2 get prison in separate bids to smuggle children into U.S.
By Alexis Huicochea
arizona daily star
Tucson, Arizona | Published: 07.12.2008
Two women were sentenced to federal prison Thursday for smuggling attempts, authorities said Friday.
Carlota Quijada-Quihuis, 48, was sentenced to 18 months in prison for trying to smuggle six children into the United States from Mexico at a Nogales crossing, according to a news release.
The children ranged in age from 6 to 11 years old, and all presented border-crossing cards that did not belong to them, the release said.
On April 9, Quijada- Quihuis told an inspector that she was taking the children to a birthday party at a pizza restaurant in Nogales, Ariz., the release said.
During questioning, Quijada-Quihuis, of Nogales, Sonora, admitted that she was hired by a woman to smuggle the children into the country and take them to a restaurant for $1,200, the release said.
The children were turned over to the Mexican Consulate for return to Mexico.
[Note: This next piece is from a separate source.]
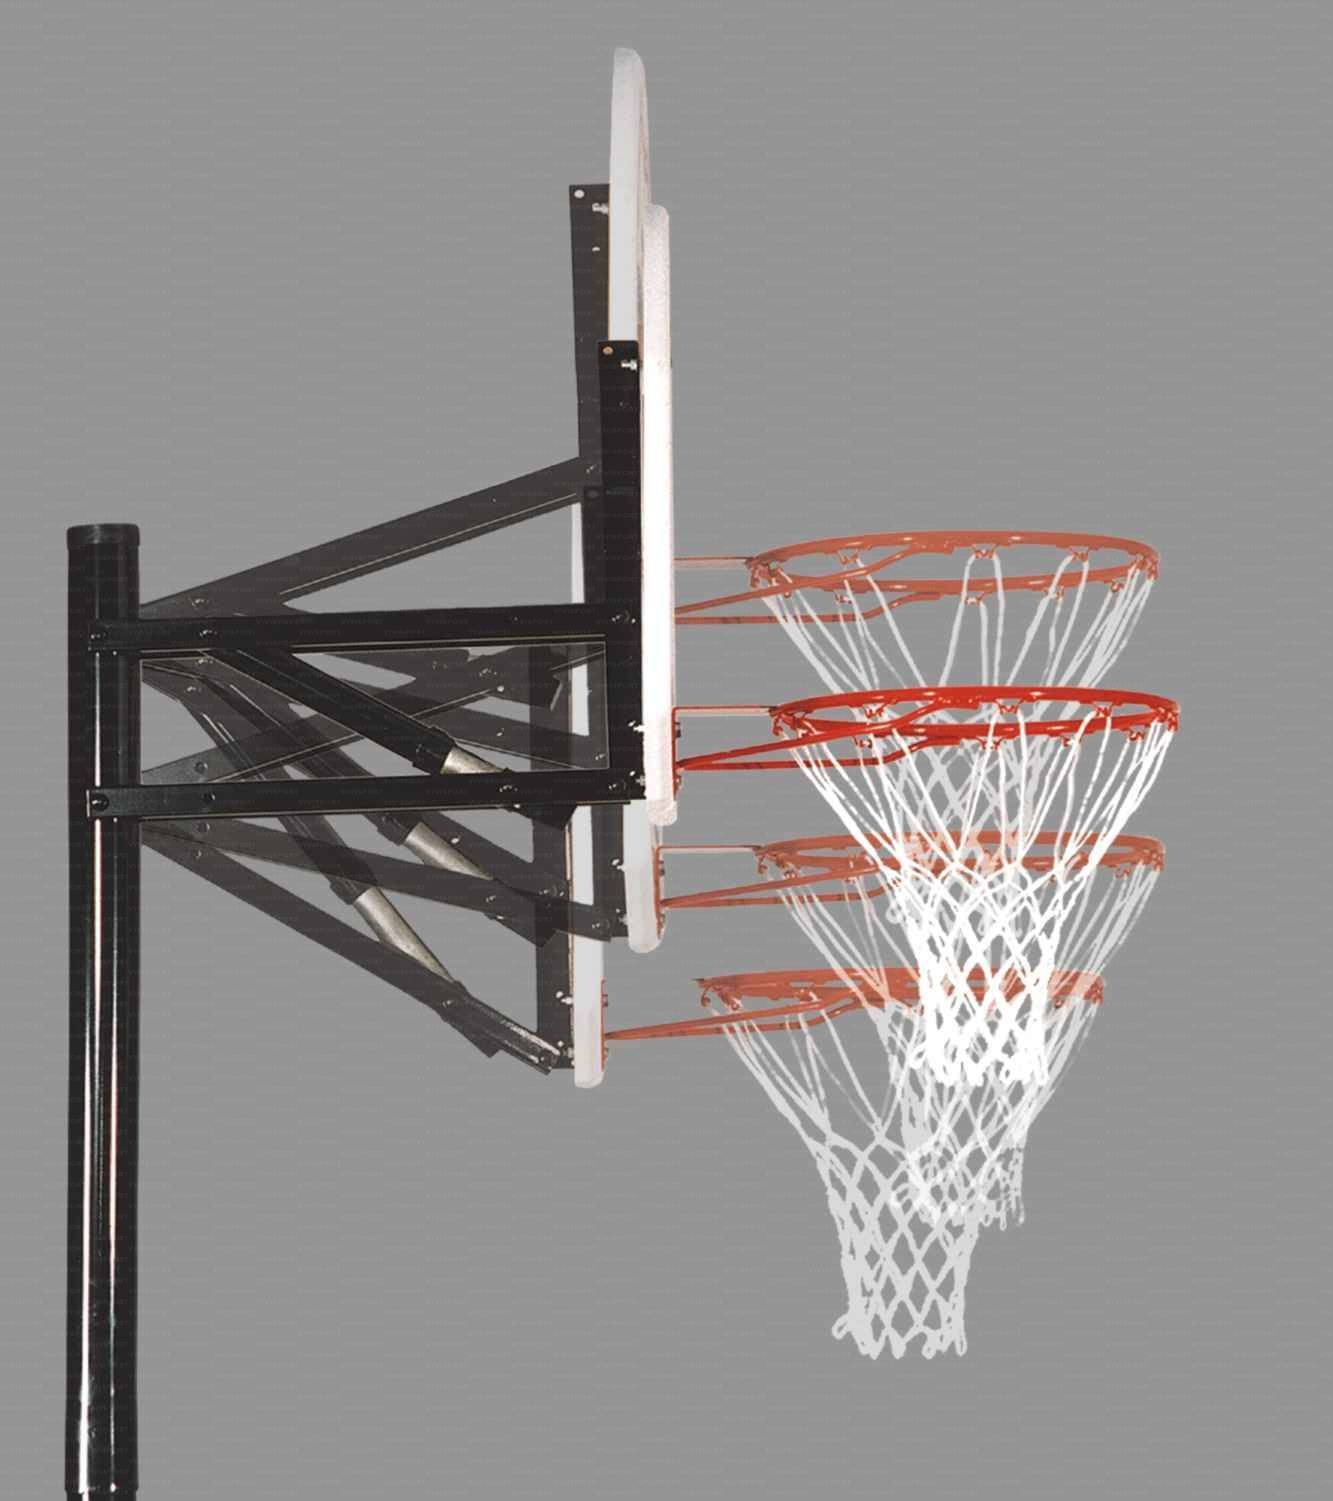 Mezzo impianto basket/minibasket con zavorra riempibile nuovo sistema a scatto per posizionamento altezza tabellone mod. Los Angeles.

In the second incident, Otelia Villarreal Larios, 50, of Chandler, was sentenced to more than two years in prison for conspiracy to transport illegal immigrants for profit.
She and her daughter, Leeann Ortiz, tried to smuggle three children, ages 6, 7 and 11, into the country Jan. 18, 2007, the release said.
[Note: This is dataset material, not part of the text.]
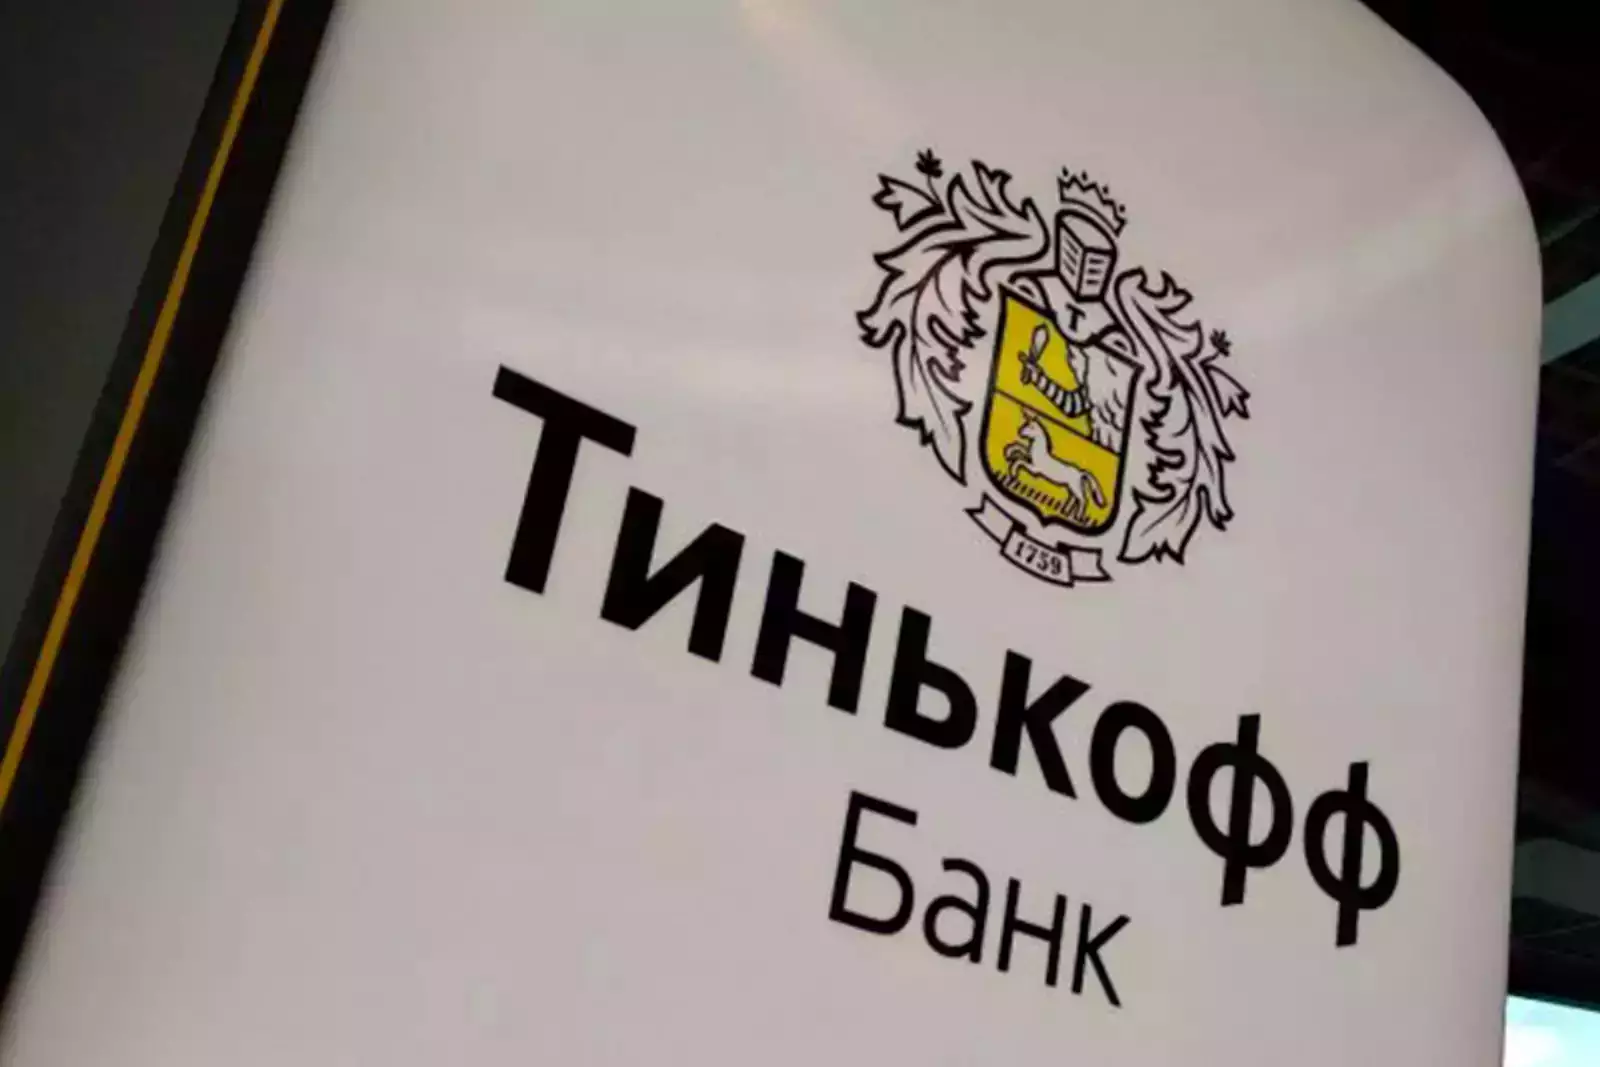 Тинькофф государственный банк

Ortiz told a U.S. Customs and Border Protection officer that the children were her own and presented birth and baptismal certificates, as well as Social Security cards that belonged to her true children, the release said.
When questioned, Larios told an officer that she was the children's grandmother.
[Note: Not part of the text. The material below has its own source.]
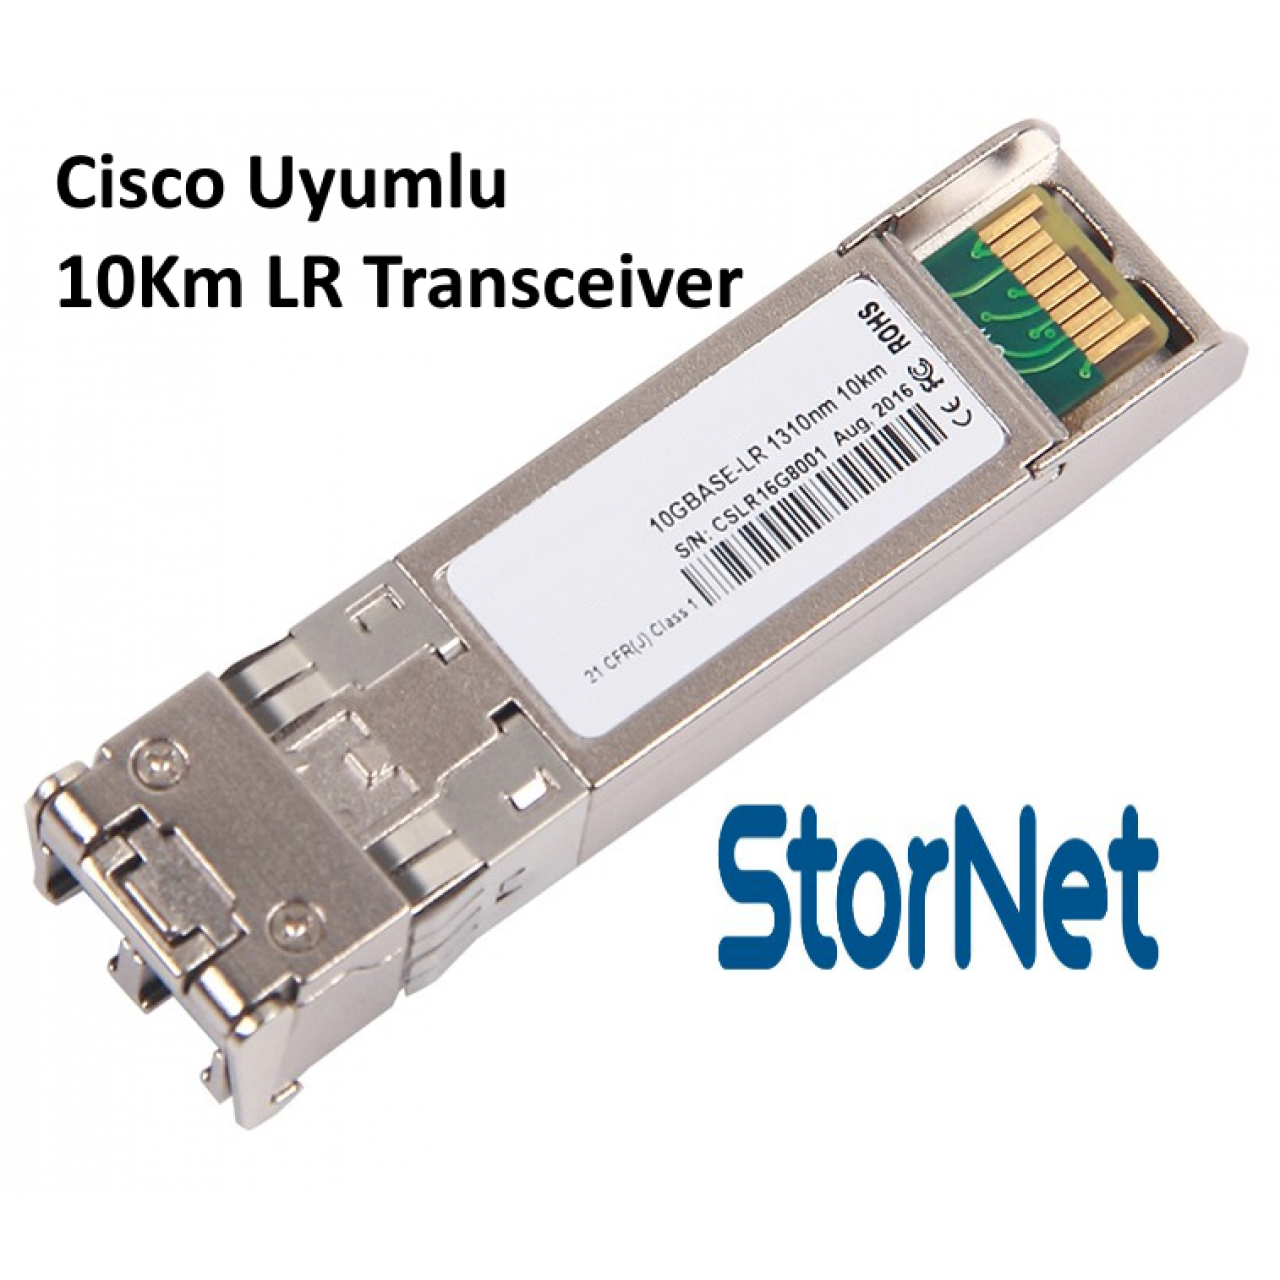 SFP+ 10Gbps SMF, 1310nm 10KM Cisco Uyumlu LR Transceiver - StorNET

The officer questioned the children, who gave their real names and said they were heading to Phoenix to join their father and an older brother who had been living there illegally for some time, the release said.
They also said that their mother and a sister were at a motel in Nogales, Sonora, where the children were picked up by Ortiz earlier in the day.
The children told the officer that Ortiz told them to give different names when crossing into the country, the release said.
Ortiz was sentenced to 18 months in prison in June.
The children were turned over to the Mexican Department of Family Services and have been reunited with their family.